Добродушная грубость этой шутки делала ее для официантки всегда новой. Шагая по Уотер-стрит в сторону ярмарочной площади, Лиэндер несколько раз с шумом выпустил газы. Летний вечер был так великолепен, что его власть над чувствами Лиэндера и Каверли не уступала власти воспоминаний, и они готовы были плясать, когда увидели перед собой забор из шпунтовых досок, а внутри и над ним огни ярмарки, великолепно сверкавшие на фоне грозовых туч, то и дело прорезаемых молниями.

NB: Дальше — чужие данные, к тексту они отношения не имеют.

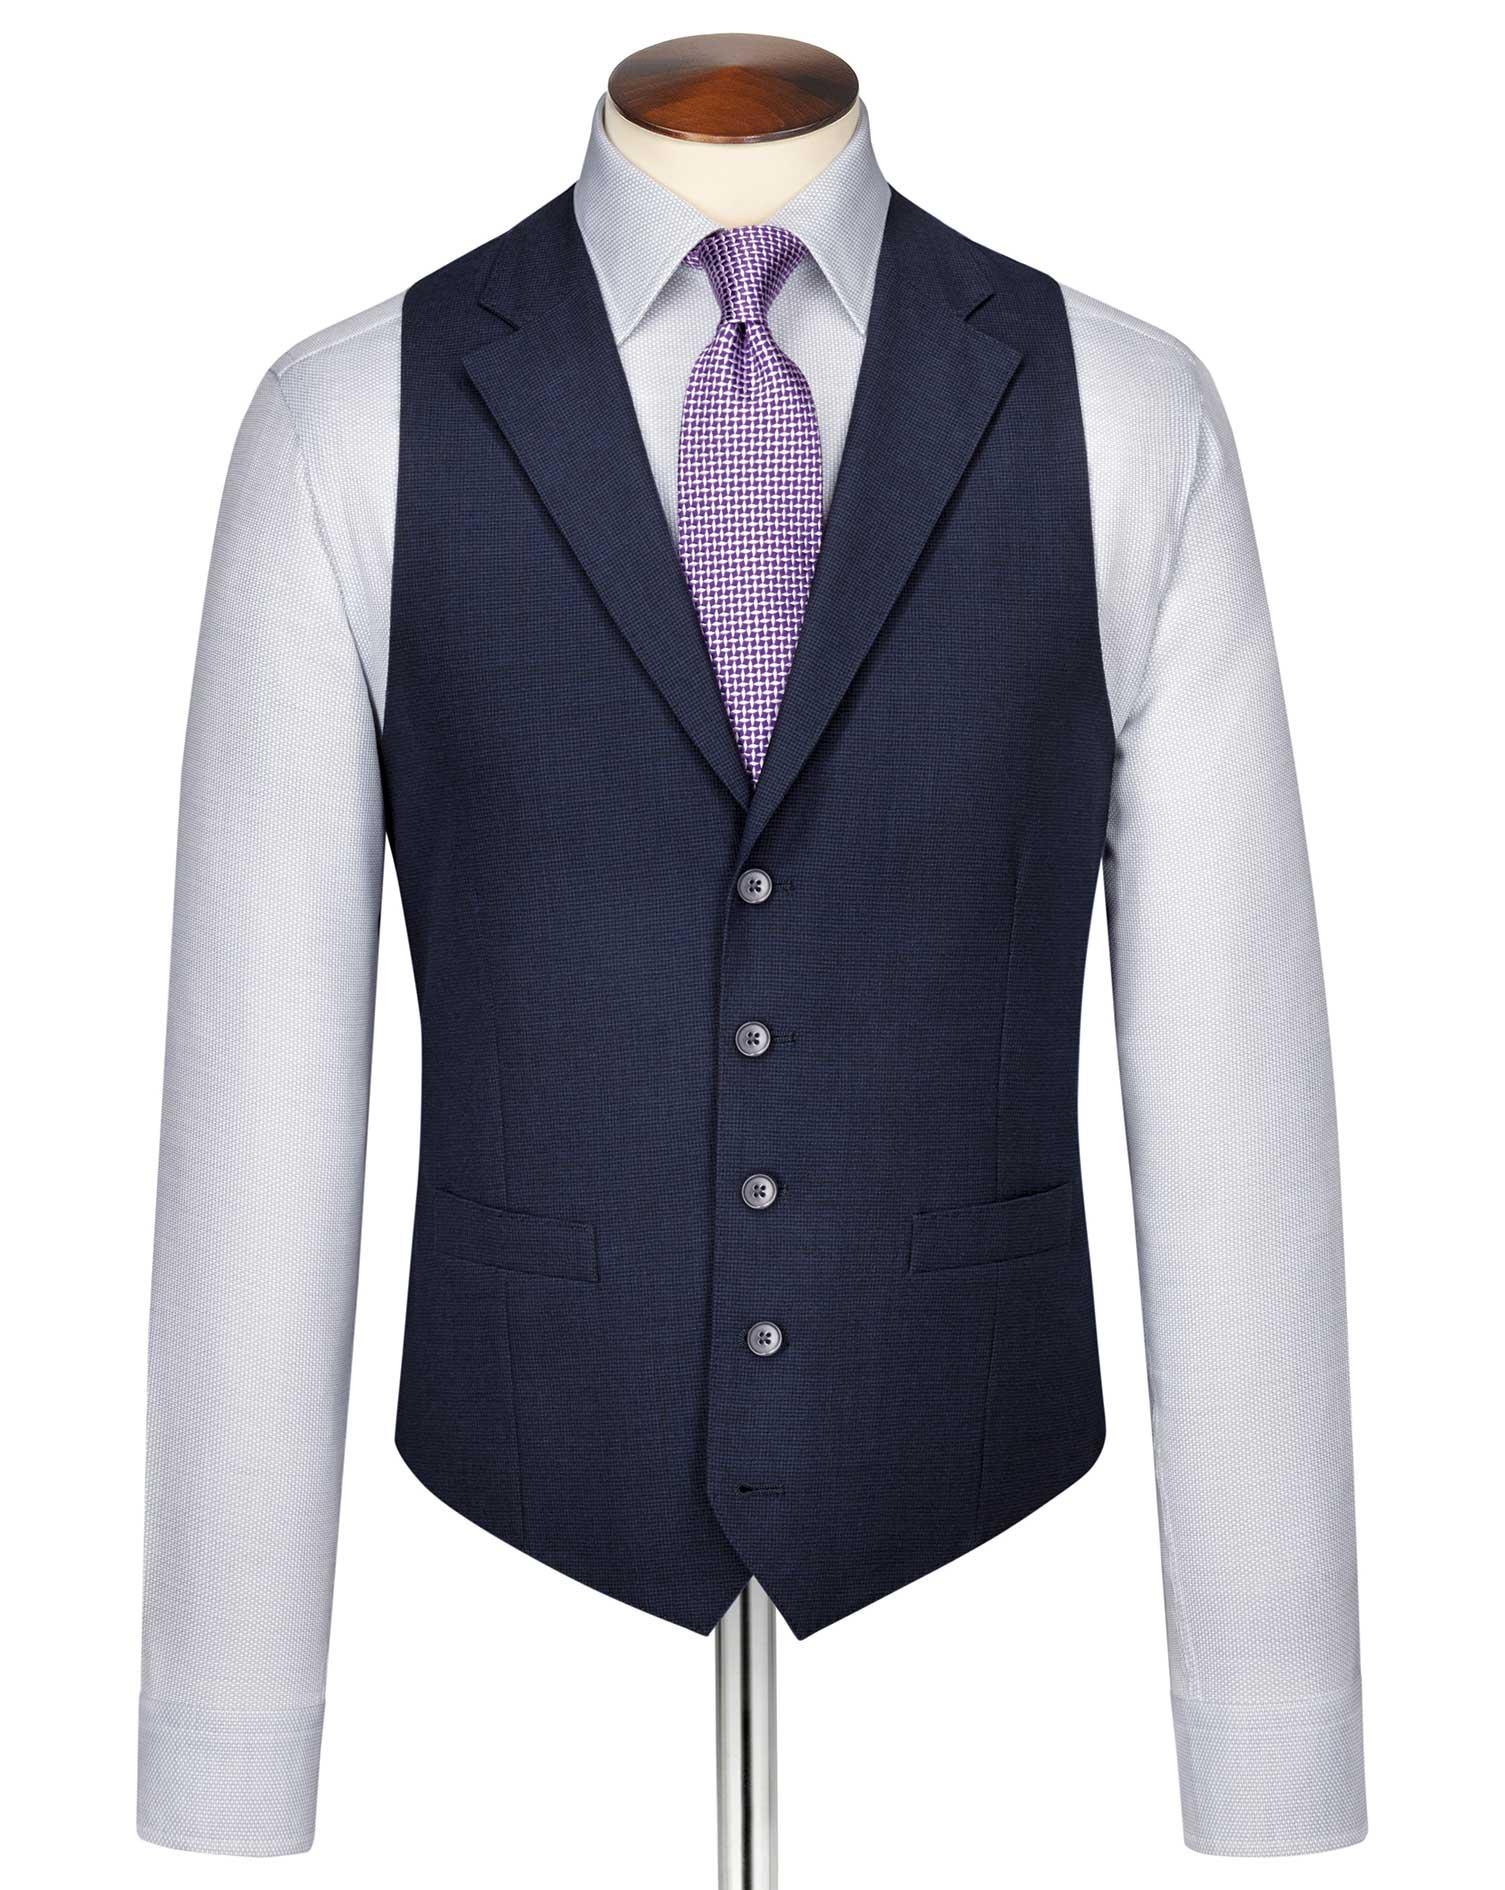 Indigo Blue Puppytooth Panama Business Suit Wool Waistcoat Size w42 by Charles Tyrwhitt

Каверли пришел в возбуждение, увидев после темноты такое множество ярких огней, увидев приспособление для канатоходца - высокий шест на проволочных растяжках, с украшенными бахромой площадками и подставками наверху; все это было освещено двумя направленными вверх прожекторами, в чьих лучах, напоминавших полосы пыли, плавала мошкара, похожая на клочки липкой бумаги. В полосе света появилась девушка с напудренной кожей, и соломенными волосами, и с пупком (подумал Лиэндер) настолько глубоким, что в него можно было засунуть большой палец, и с фальшивыми бриллиантами в ушах и на груди, сверкавшими синими и красными огнями; она села на велосипед и поехала по туго натянутой проволоке, то и дело откидывая назад волосы и как будто несколько торопясь, потому что гром гремел все чаще, порывистый ветер явственно пах дождем и зрители - более беспокойные, или пожилые, или одетые в лучшее платье - один за другим покидали свои места под открытым небом, чтобы где-нибудь укрыться, хотя ни капли дождя еще не упало. Когда представление на натянутой проволоке кончилось, Лиэндер повел Каверли к аллее аттракционов, где уже объявляли о начале эстрадного представления.

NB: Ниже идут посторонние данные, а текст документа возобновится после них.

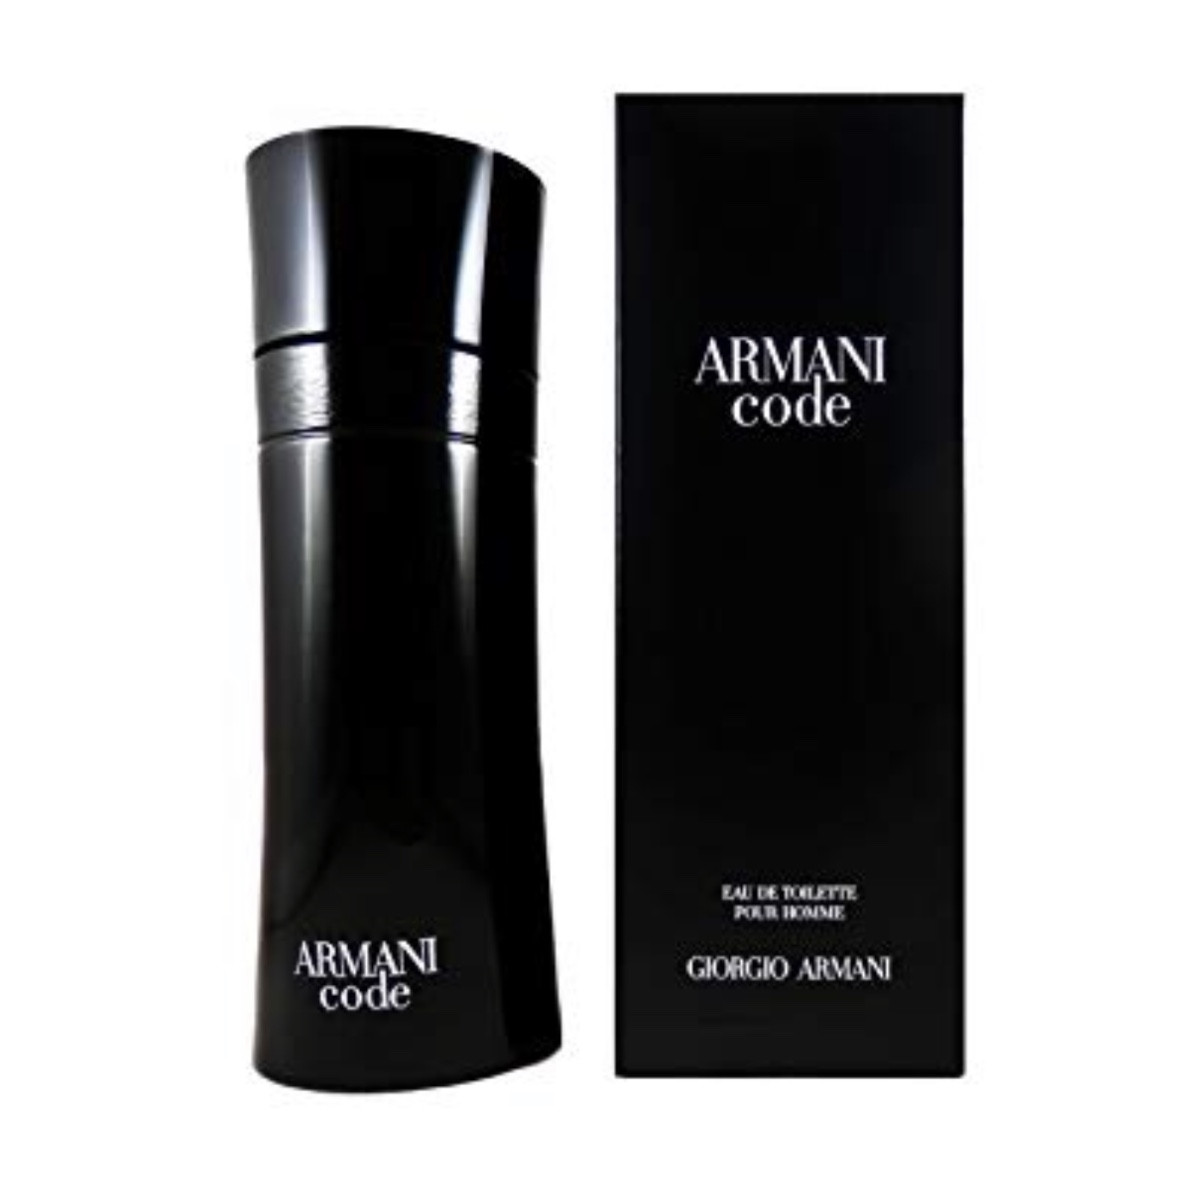 Giorgio Armani Code Pour Homme Туалетная вода 125 ml ( Джорджио Армани Код Пур Хом )

- Бурлимак, бурлимак, посмотрите, как они будут раздеваться, вам это понравится; посмотрите, как они исполнят танец столетий. Если вы стары, вы уйдете домой к жене, чувствуя себя моложе и сильнее, а если вы молоды, вы почувствуете себя счастливыми и полными пыла, как и положено в юности, говорил мужчина, хитрое лицо и резкий голос которого были как бы от природы предназначены для мошенничества и непристойных дел; он обращался к толпе с маленькой красной кафедры, но зрители стояли от него на почтительном расстоянии, словно он был сам дьявол или по меньшей мере посланец дьявола - змий.

За его спиной, привязанные к шестам и раскачиваемые порывами преддождевого ветра, висели, как обвисшие паруса, четыре больших изображения женщин в одеянии одалисок, так потемневшие от времени и непогоды, что, даже несмотря на заливавший их свет, их можно было принять за рекламу сиропа от кашля или лекарства от всех болезней. Посредине была калитка, вывеска над которой, сделанная из электрических лампочек, гласила: "ВЕСЕЛЫЙ ПАРИШ"; после долгих летних скитаний по Новой Англии калитка была сломана и краска на ней облупилась.